The Urban Garden Room is a huge glass-walled room furnished with an assortment of forms, ranging from a 25-foot high arch to a 7-foot tall monolith, all of which are covered with living mosses, vines, ferns, and lichens. The installation was designed by Margie Ruddick of the collaborative and interdisciplinary design practice, Wallace Roberts &Todd.

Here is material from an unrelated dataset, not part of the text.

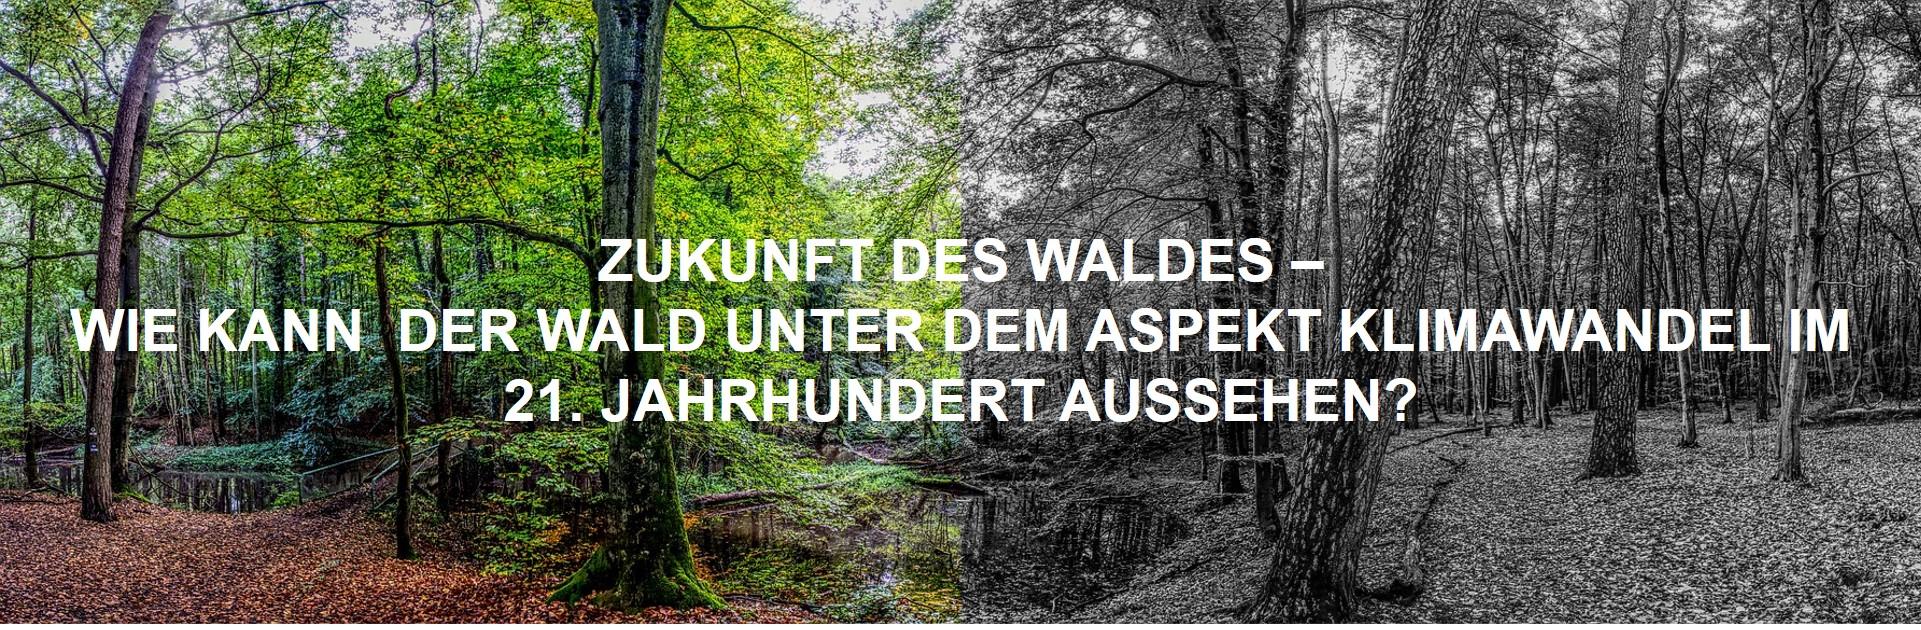 """""""Zukunft des Waldes - Wie kann der Wald unter dem Aspekt Klimawandel im 21. Jahrhundert aussehen?"""""""

From a psychological perspective, an important aspect of the Urban Garden Room is that the tables and chairs in it are moveable. You have control of where you sit and what you look at. Visitors’ ability to control their relationship to the space shows those who enter it, that those who own it respect our ability to make decisions about how we use our environment, either in finding a solitary seat or choosing to interact with others. Respect goes both ways. Visitors sense this, and return the respect by not leaving their detritus behind. In addition, the ability to control our environment improves people’s mood.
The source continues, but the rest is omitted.